Unnamed: 0,alpha,num_topics,coherence_value
0,0.01,5,0.431496
1,0.01,6,0.415166
2,0.01,7,0.45643
3,0.01,8,0.420097
4,0.01,9,0.411664
5,0.01,10,0.407424
6,0.01,11,0.439925
7,0.01,12,0.450565
8,0.01,13,0.418852
9,0.01,14,0.42468


In [40]:
# Build LDA model with alpha=0.1 and 7 topics
lda_model = gensim.models.ldamodel.LdaModel(corpus=corpus, id2word=id2word, \
    num_topics=7, random_state=100, update_every=1, chunksize=100, passes=10, alpha=0.1, per_word_topics=True)

In [42]:
from pprint import pprint as pprint
pprint(lda_model.print_topics())
doc_lda = lda_model[corpus]

[(0,
  '0.021*"film" + 0.017*"star" + 0.014*"movie" + 0.010*"play" + 0.009*"get" + '
  '0.008*"make" + 0.008*"good" + 0.007*"go" + 0.007*"also" + 0.007*"first"'),
 (1,
  '0.026*"device" + 0.020*"car" + 0.020*"new" + 0.016*"engagement" + '
  '0.014*"company" + 0.013*"vehicle" + 0.013*"use" + 0.012*"product" + '
  '0.012*"phone" + 0.011*"design"'),
 (2,
  '0.026*"say" + 0.018*"people" + 0.012*"tell" + 0.010*"go" + 0.010*"get" + '
  '0.009*"actor" + 0.009*"time" + 0.009*"year" + 0.009*"actress" + '
  '0.008*"love"'),
 (3,
  '0.022*"award" + 0.016*"year" + 0.011*"first" + 0.010*"son" + 0.009*"time" + '
  '0.009*"globe" + 0.008*"host" + 0.008*"last" + 0.007*"spot" + '
  '0.007*"ceremony"'),
 (4,
  '0.021*"say" + 0.011*"statement" + 0.009*"sexual" + 0.009*"accord" + '
  '0.008*"weinstein" + 0.008*"claim" + 0.008*"report" + 0.007*"allegation" + '
  '0.007*"also" + 0.006*"producer"'),
 (5,
  '0.016*"use" + 0.016*"drug" + 0.015*"user" + 0.015*"facebook" + '
  '0.013*"custody" + 0.012*"reply" + 

In [48]:
coherence_model_lda = CoherenceModel(model=lda_model, texts=data_lemmatized, dictionary=id2word, coherence='u_mass')
coherence_lda = coherence_model_lda.get_coherence()
print(f'U_Mass Coherence Score: ', coherence_lda)

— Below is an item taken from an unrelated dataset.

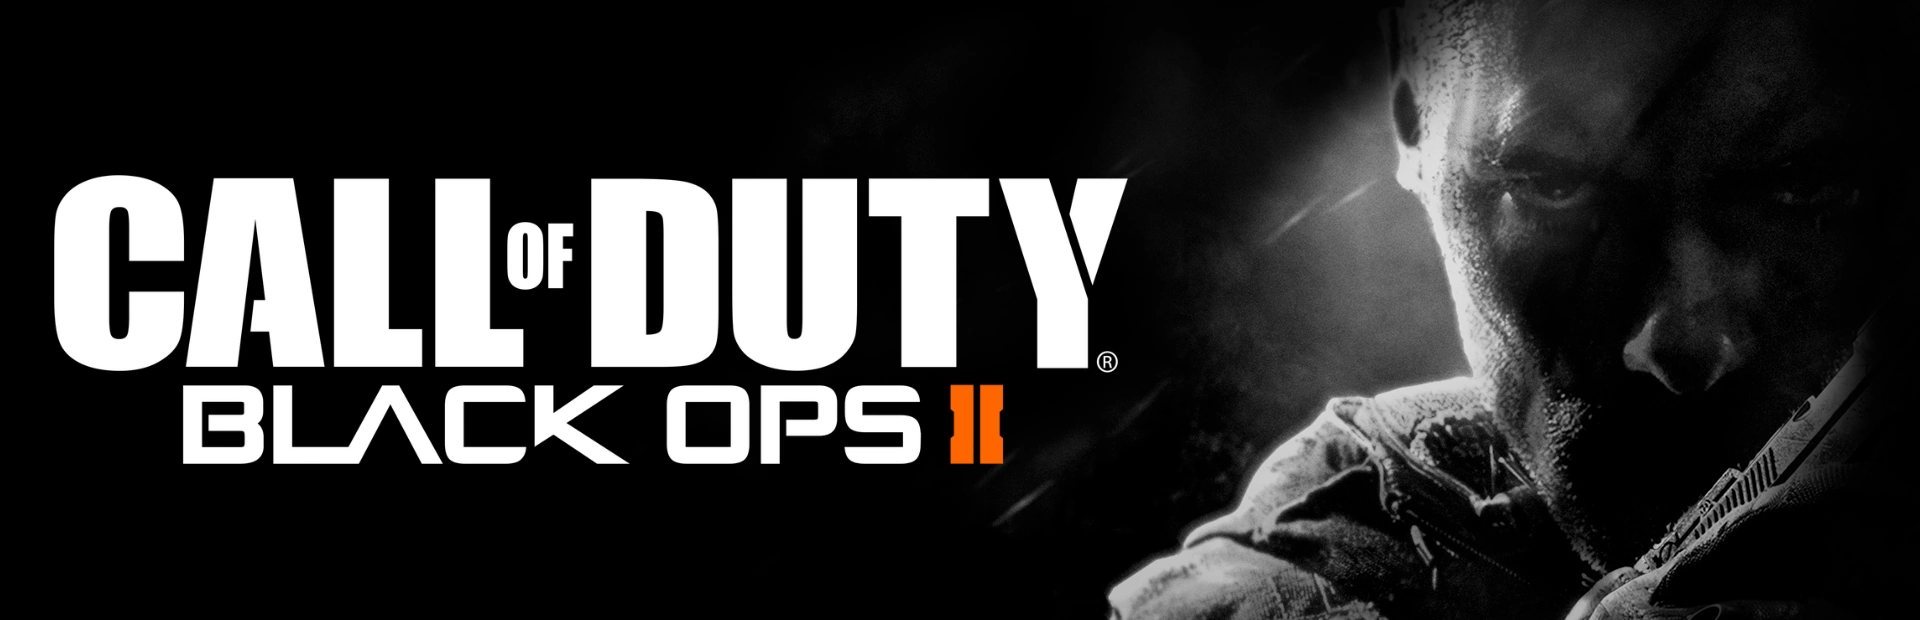 دانلود بازی Call of Duty: Black Ops II برای کامپیوتر | گیمباتو

U_Mass Coherence Score:  -1.9628898822306227


In [49]:
coherence_model_lda = CoherenceModel(model=lda_model, texts=data_lemmatized, dictionary=id2word, coherence='c_v')
coherence_lda = coherence_model_lda.get_coherence()
print(f'C_V Coherence Score: ', coherence_lda)

C_V Coherence Score:  0.45128091716795204


I was expecting a lower u_mass score than the baseline LDA the team did using scikit-learn. Is it possible that I need to continue to refine the stop words to eliminate all non-meaningful words? Coud I Spacy to create a tokenized list that contains only noun, verbs, adverbs, and adjectives? Would this help to improve performance?